Change-of-control in Vendor Contracts
May 26, 2026
by a professional in Dallas, TX, USA
When you buy a business, you inherit its contracts. You also inherit every clause buried in those contracts that lets the counterparty walk because of the sale.
Sub-$5M services deal last quarter. Buyer was acquiring a commercial cleaning company. Top customer was 22% of revenue on a three-year master services agreement with two years left.
Page 14 of the MSA had a change-of-control clause. Standard language: any sale, merger, or transfer of more than 50% of the equity gave the customer the right to terminate on 30 days written notice, no cause required.
The customer wasn't unhappy. They'd renewed the contract twice. Nobody had any reason to think they'd leave. But the moment the buyer closed, that customer had unilateral optionality to walk for 30 days and the seller had no obligation to disclose to the customer that a sale was even happening.
The fix wasn't legal.

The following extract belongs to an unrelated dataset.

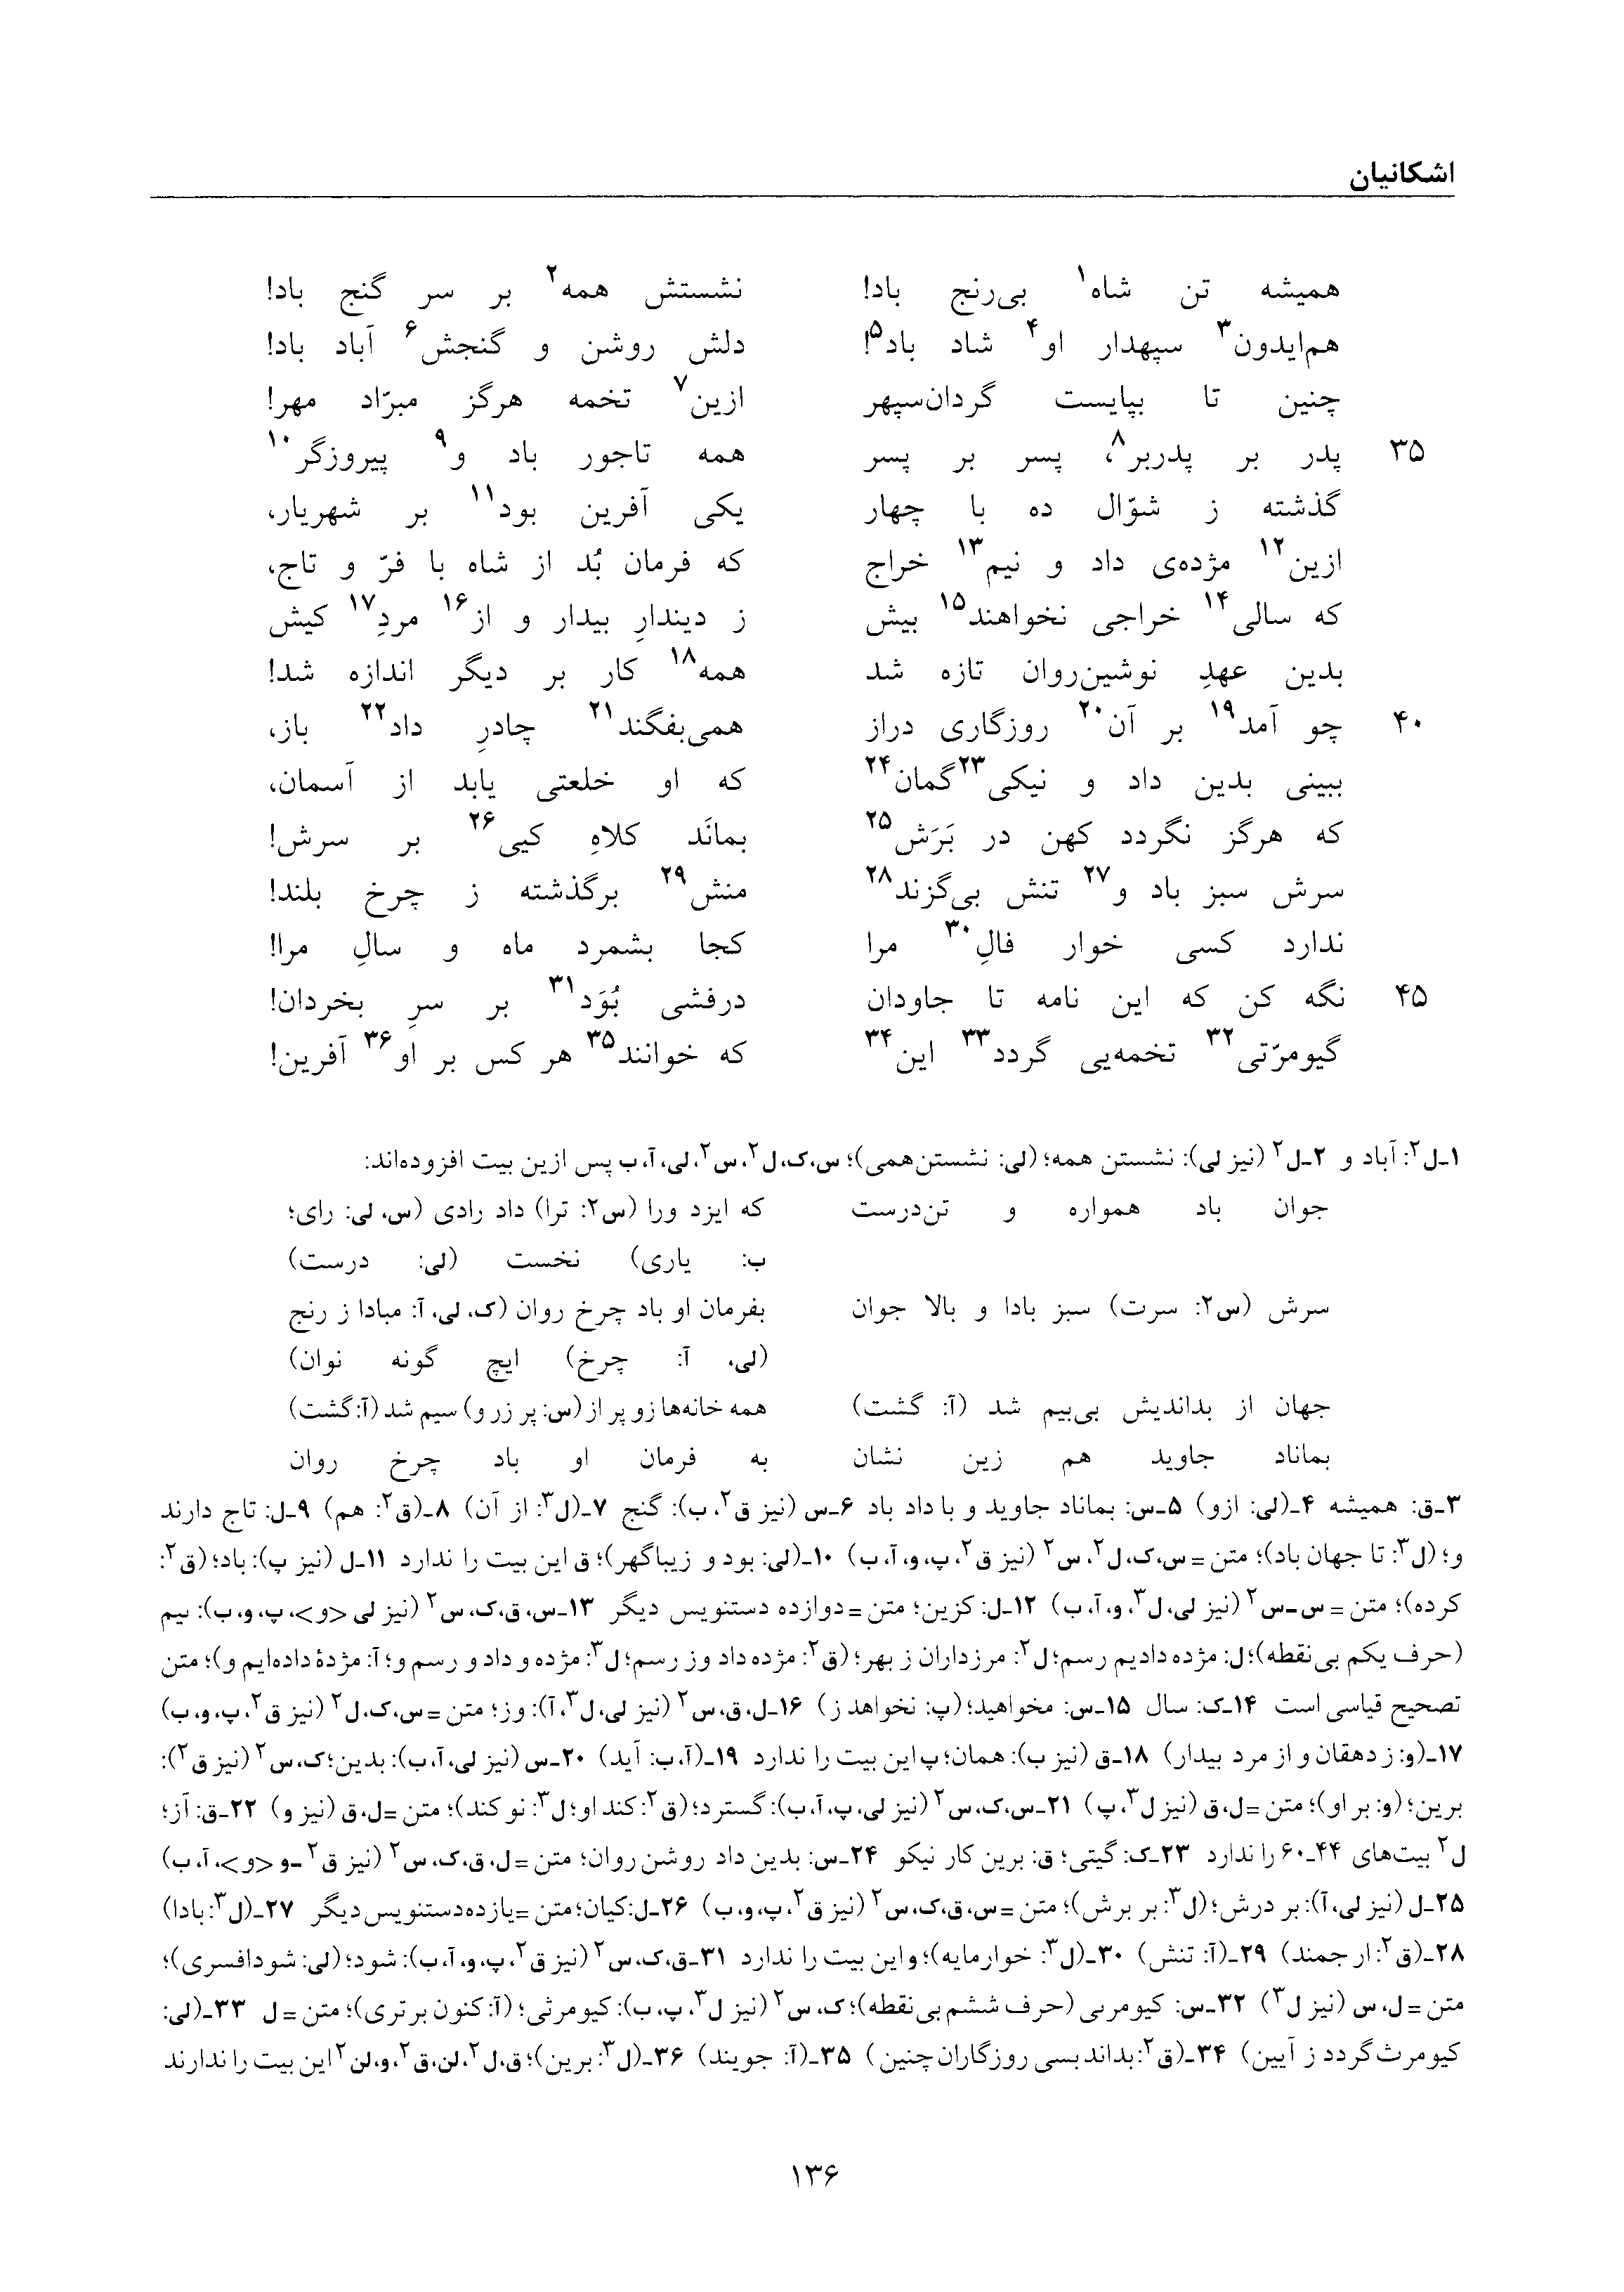 vol. 6, p. 136

It was commercial. Buyer arranged a meeting with the customer before close, walked through the transition plan, secured a written waiver of the termination right in exchange for a one-year price lock.
The deal closed. The customer stayed.
Change-of-control language exists in most vendor and customer contracts. Almost nobody pulls them in diligence. The ones who do close deals nobody else can.